Aim of the exercise: Where a picture appears, leave it out, and transcribe all the lines below exactly.

Collected material:
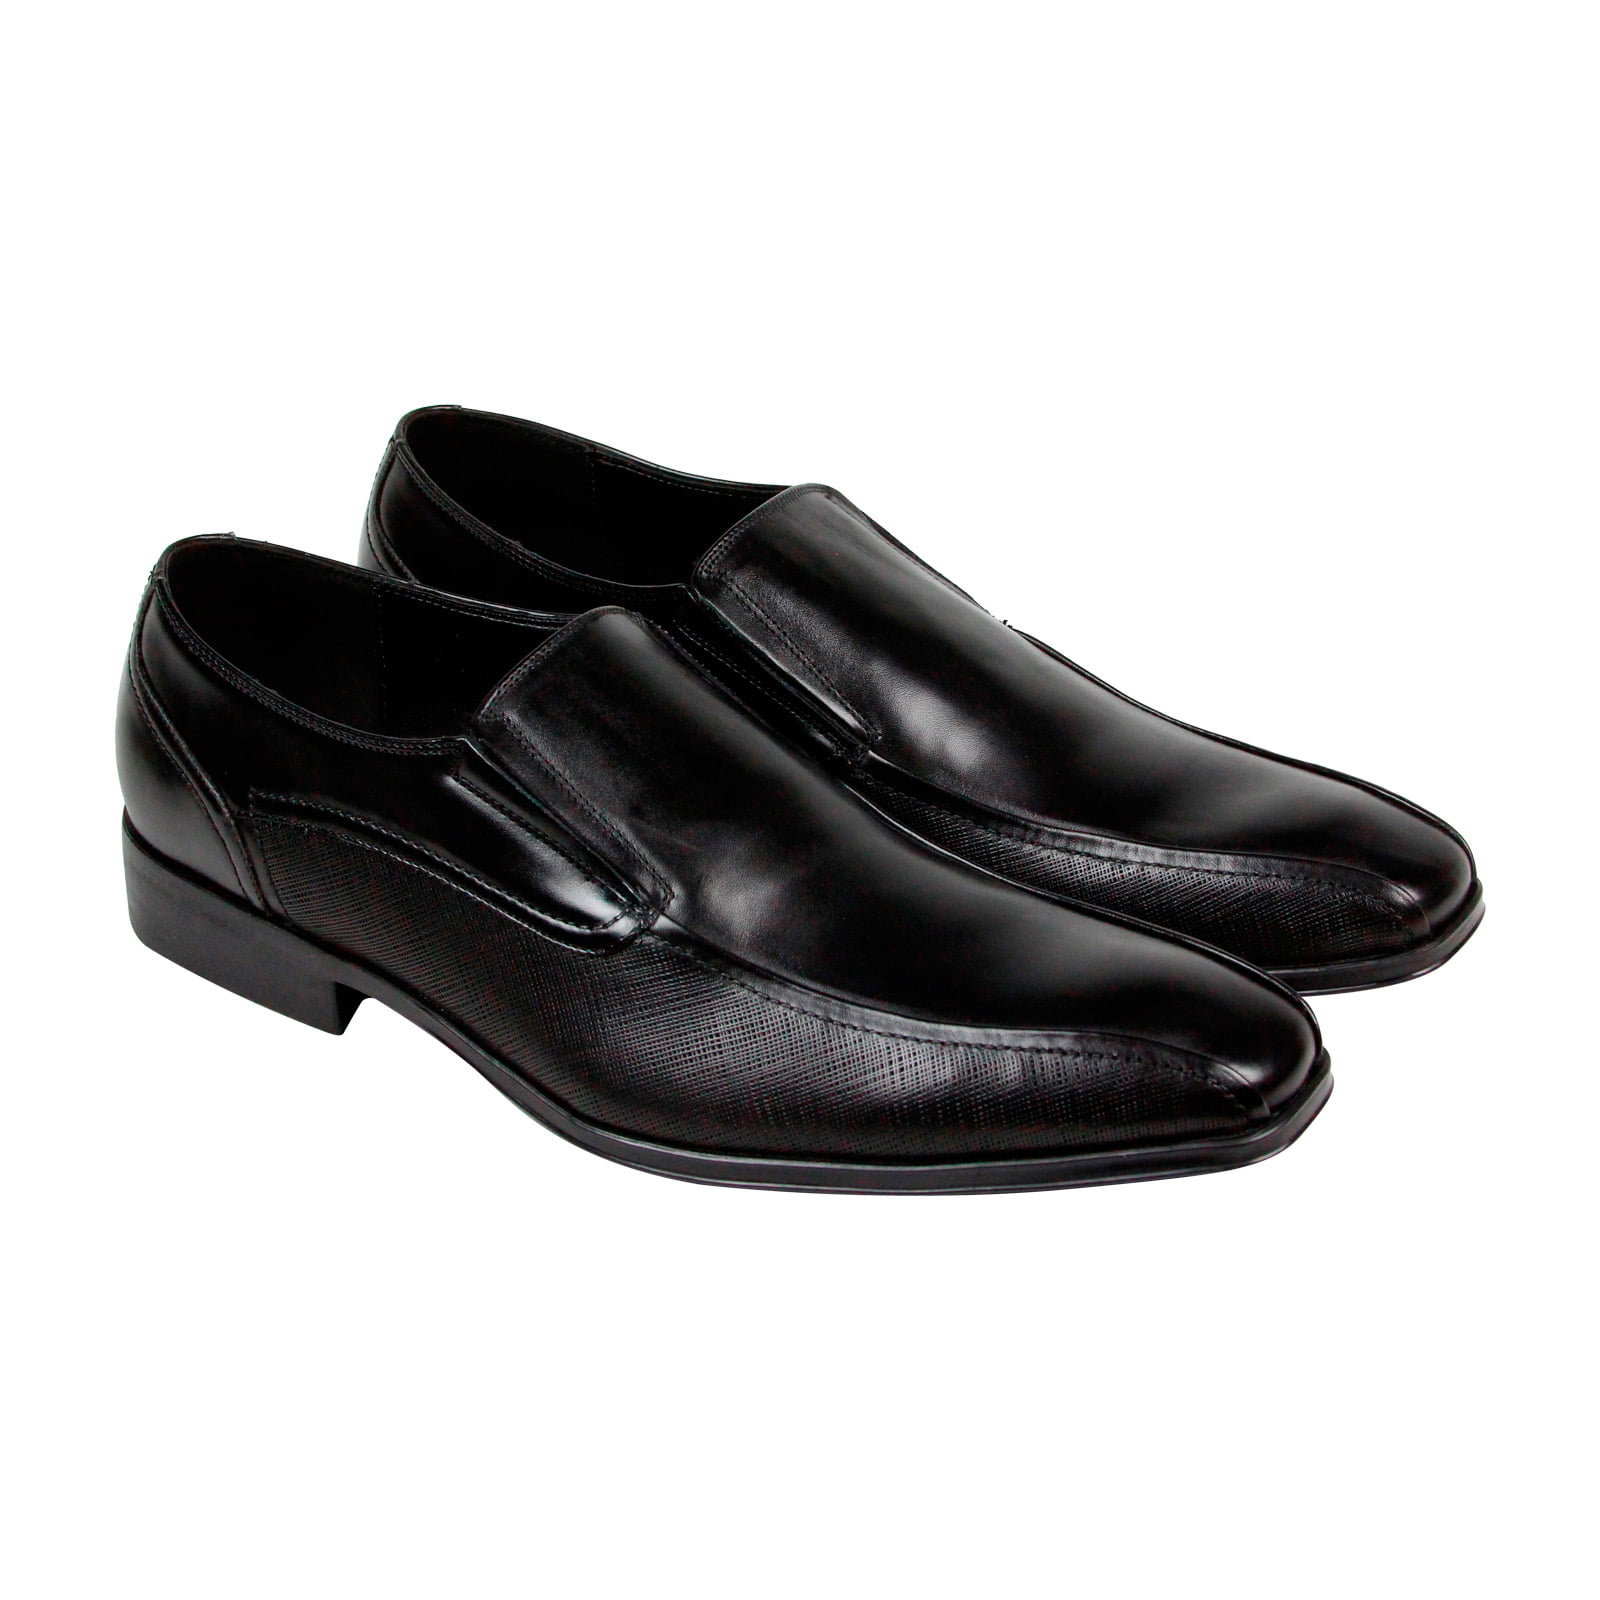 Kenneth Cole Reaction - Kenneth Cole Other Half Mens Black Leather ...
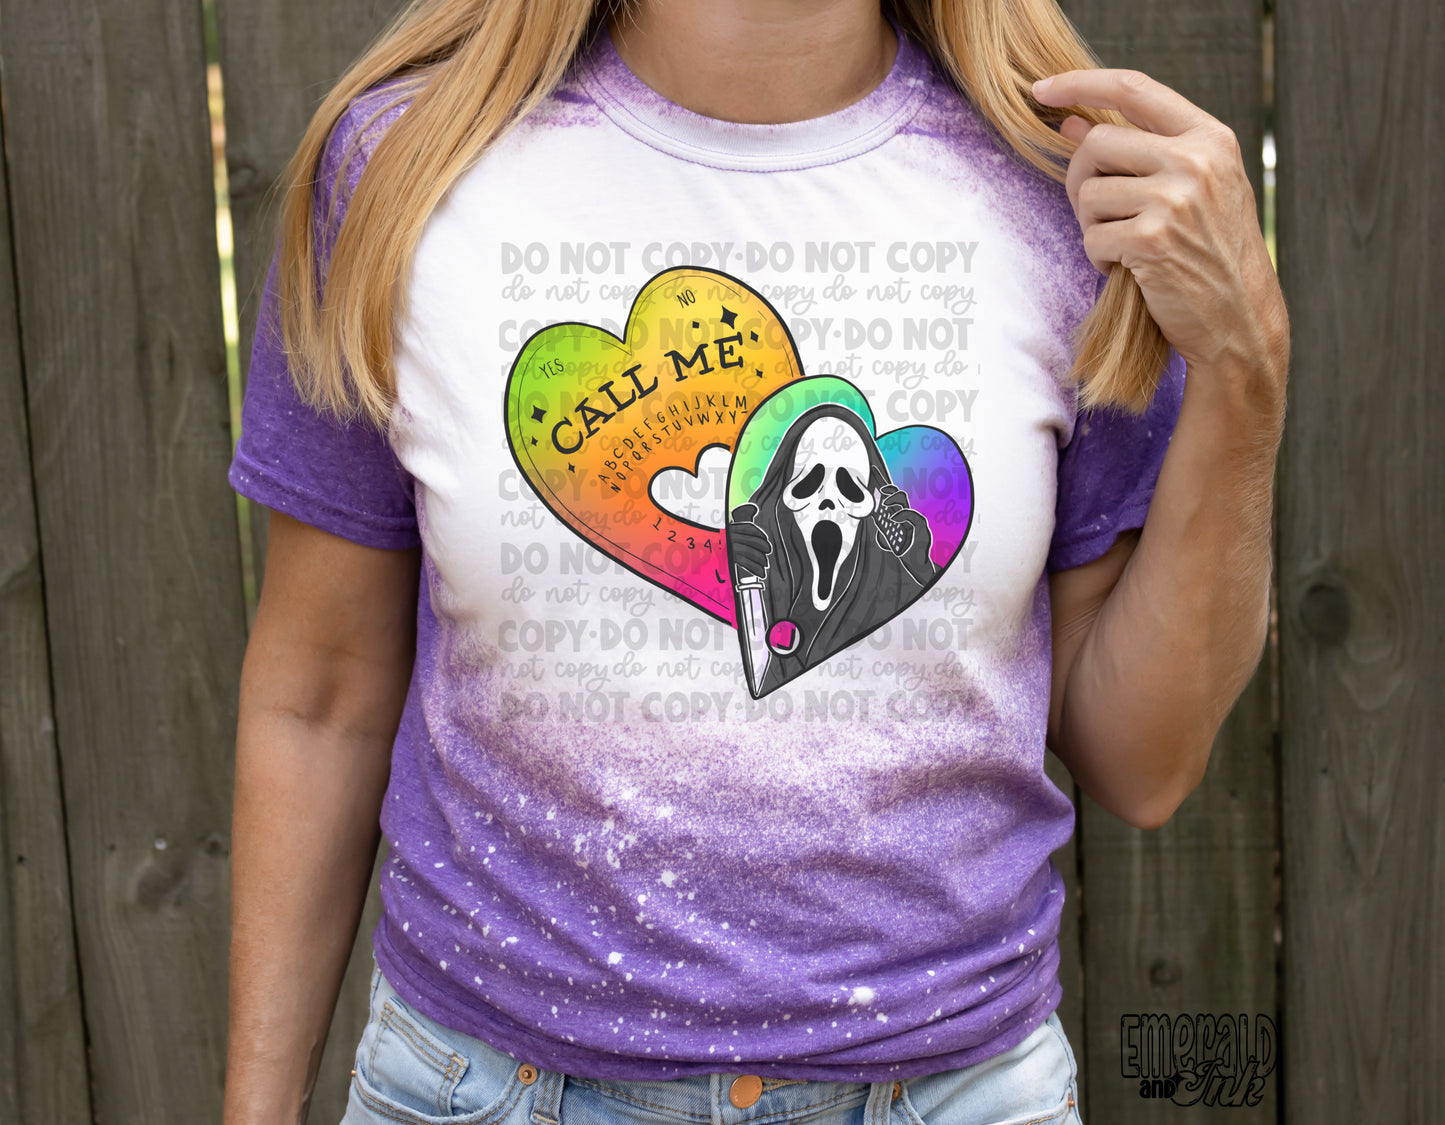 Call me rainbow - Adult Size Sublimation Transfer
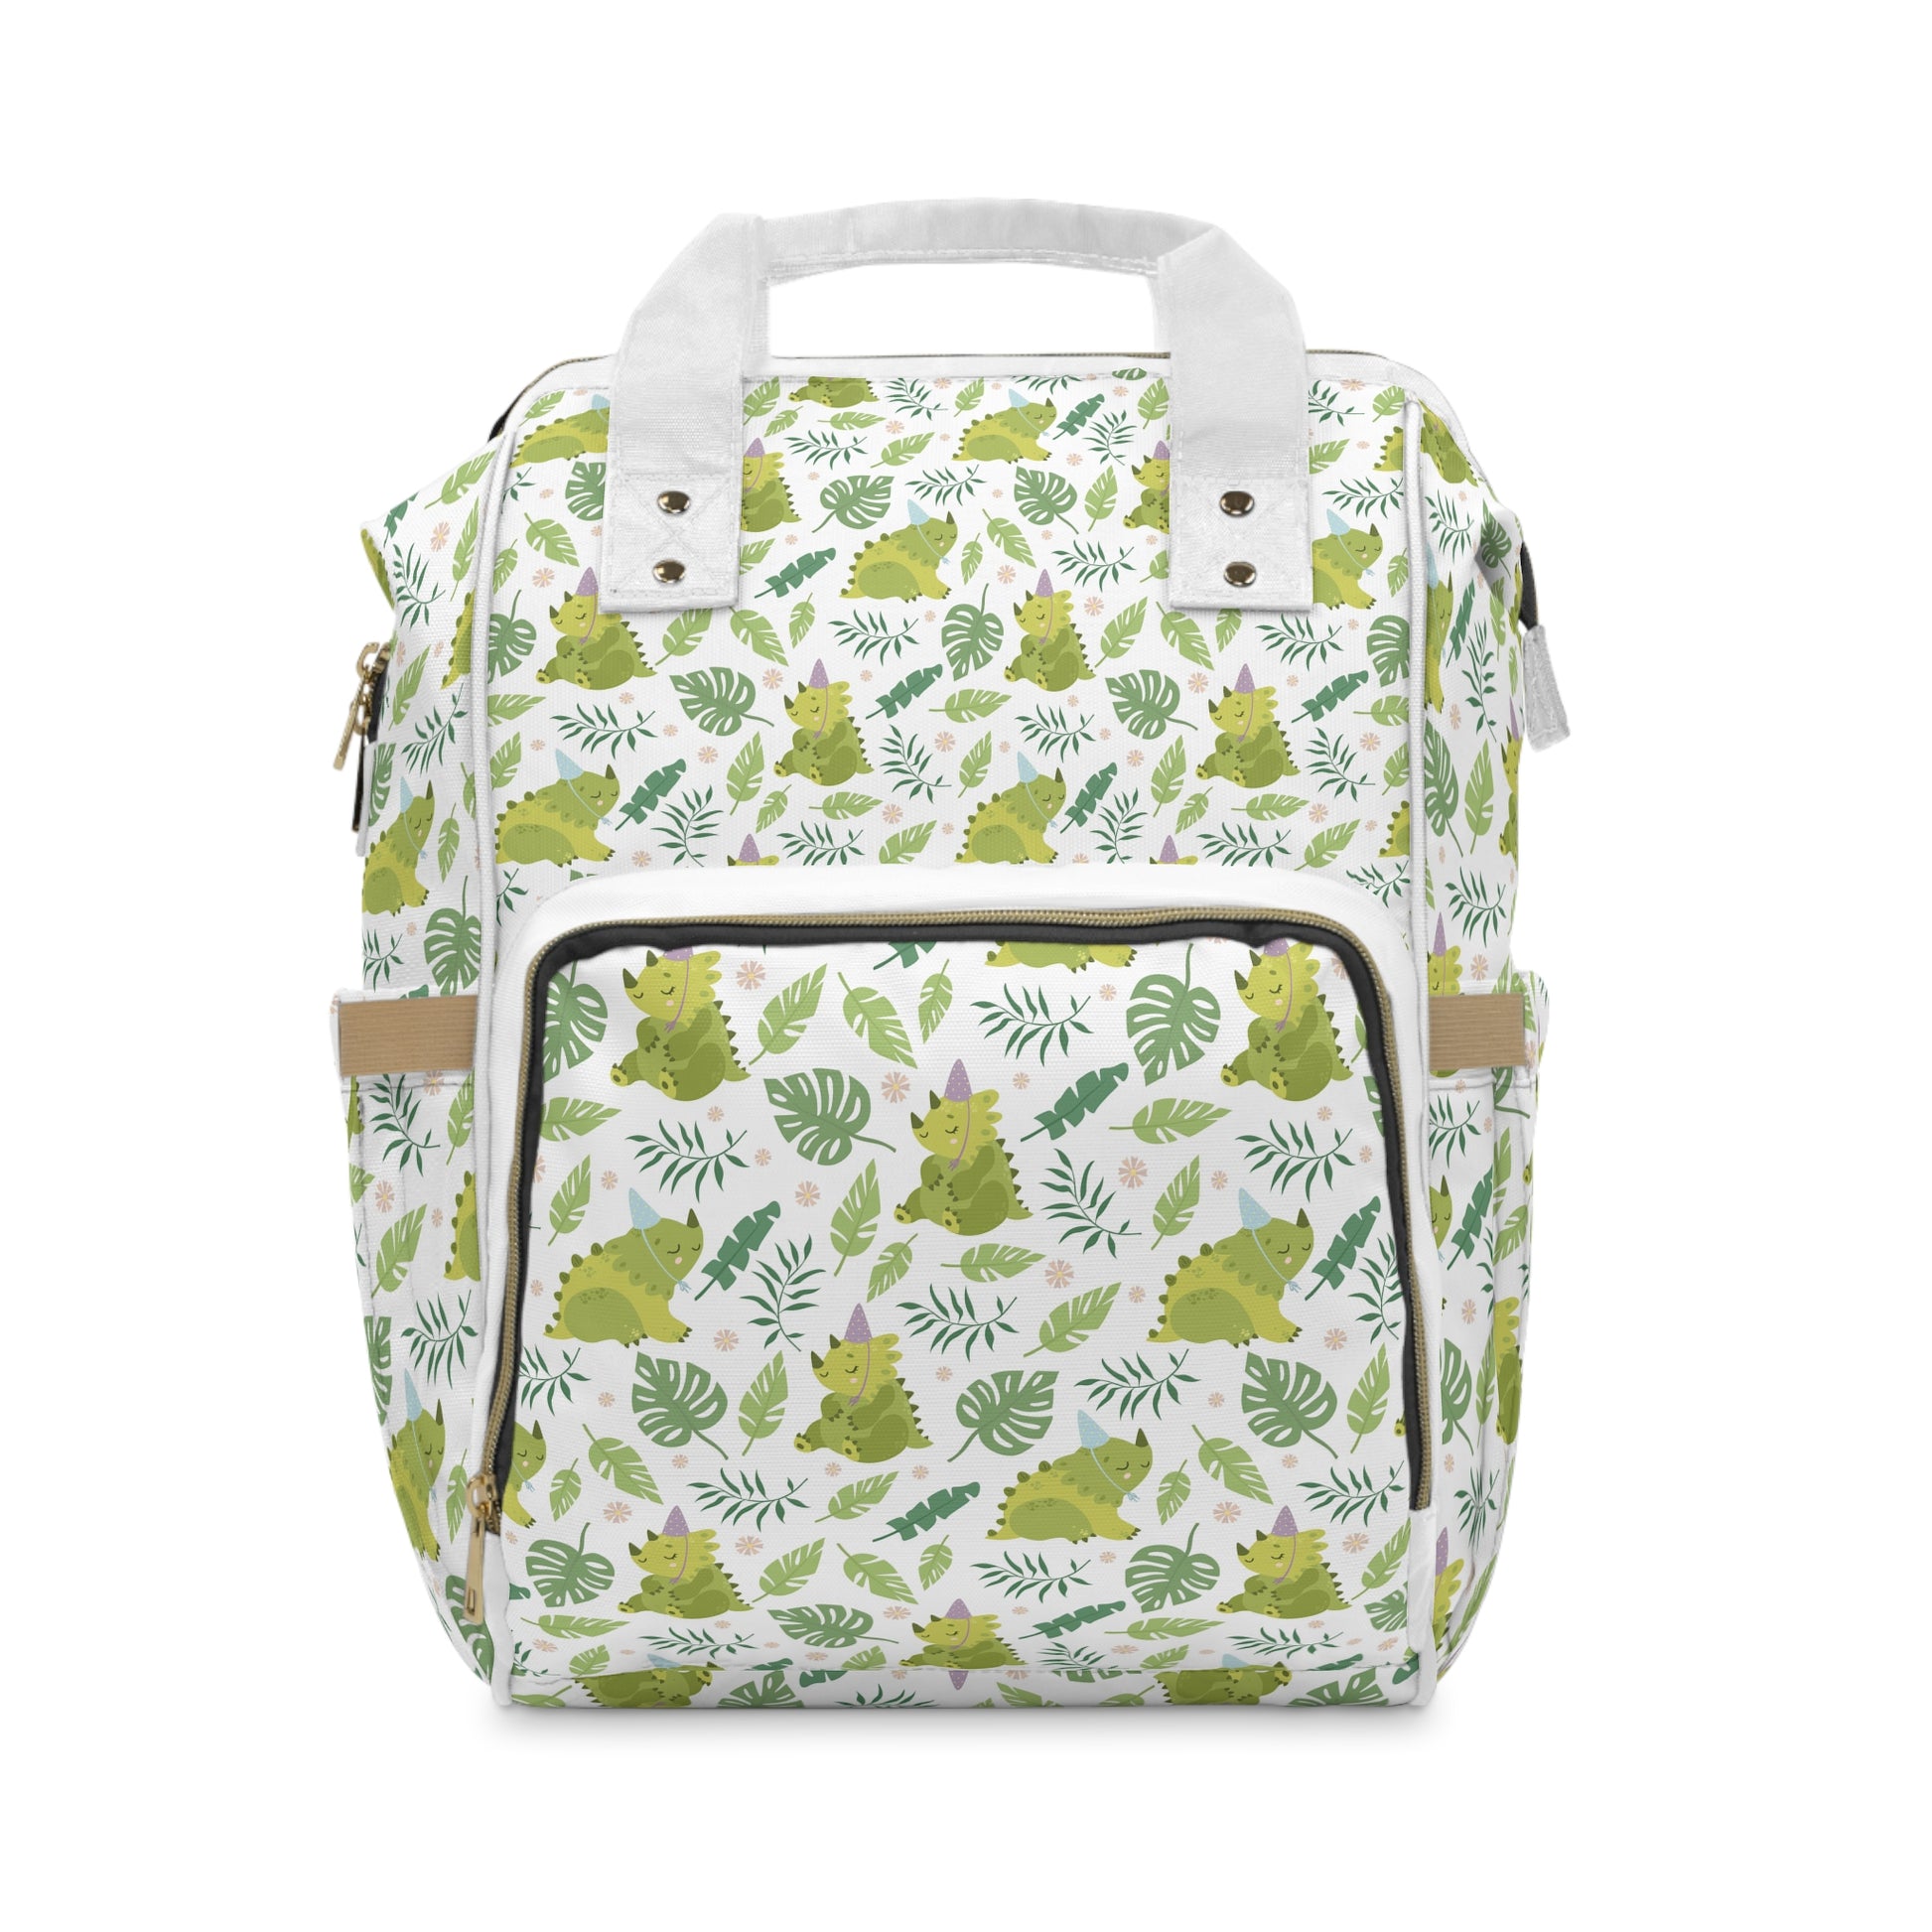 Adorable Green Dino: Stylish Backpack with Palm Leaf Pattern
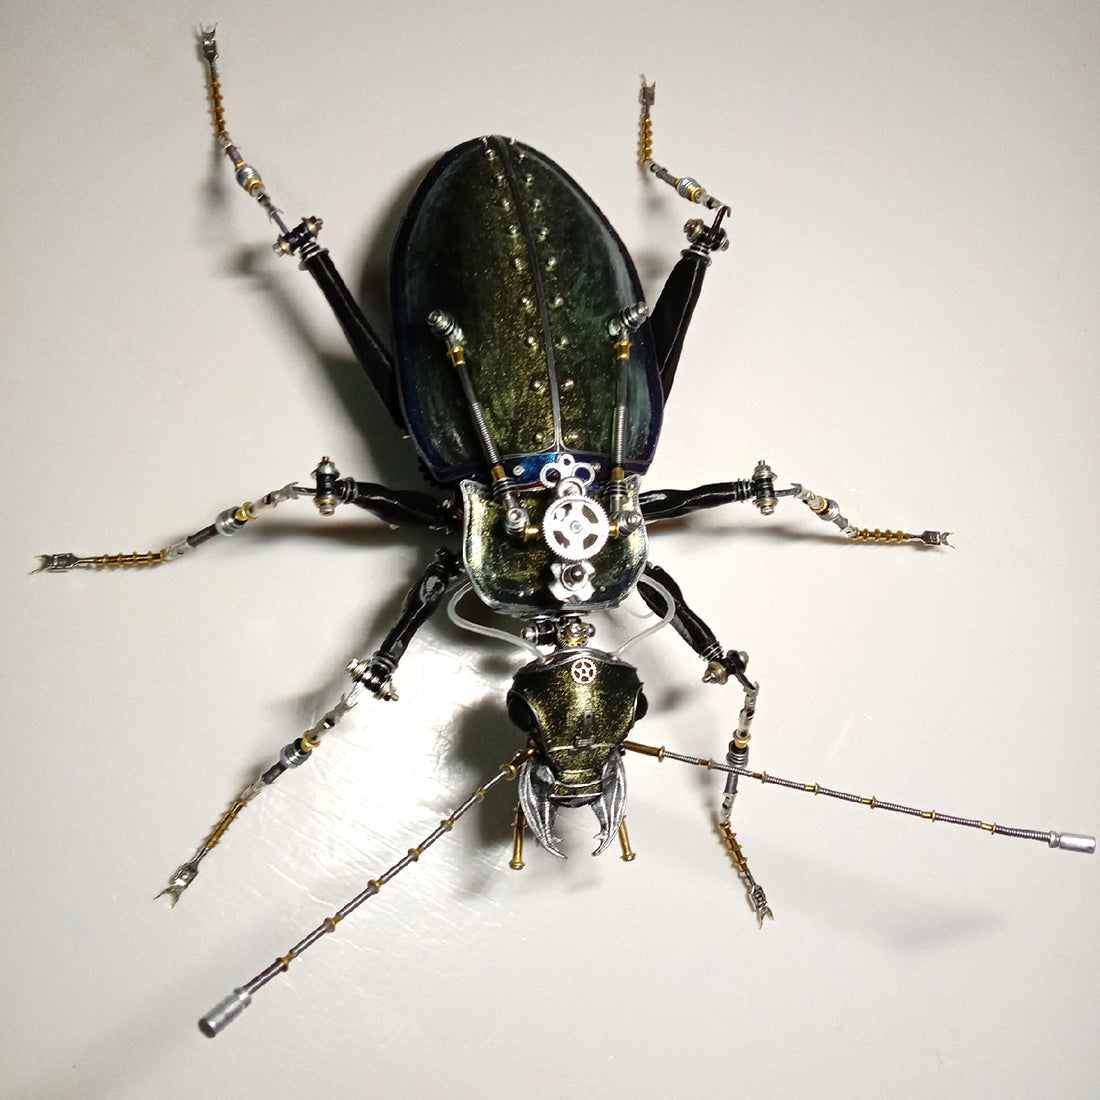 Steampunk Mechanical Metal Green Ground Beetle Insect Sculptures  Assembled

The answer:
 Kenneth Cole Reaction - Kenneth Cole Other Half Mens Black Leather ...
 Call me rainbow - Adult Size Sublimation Transfer
 Adorable Green Dino: Stylish Backpack with Palm Leaf Pattern
 Steampunk Mechanical Metal Green Ground Beetle Insect Sculptures  Assembled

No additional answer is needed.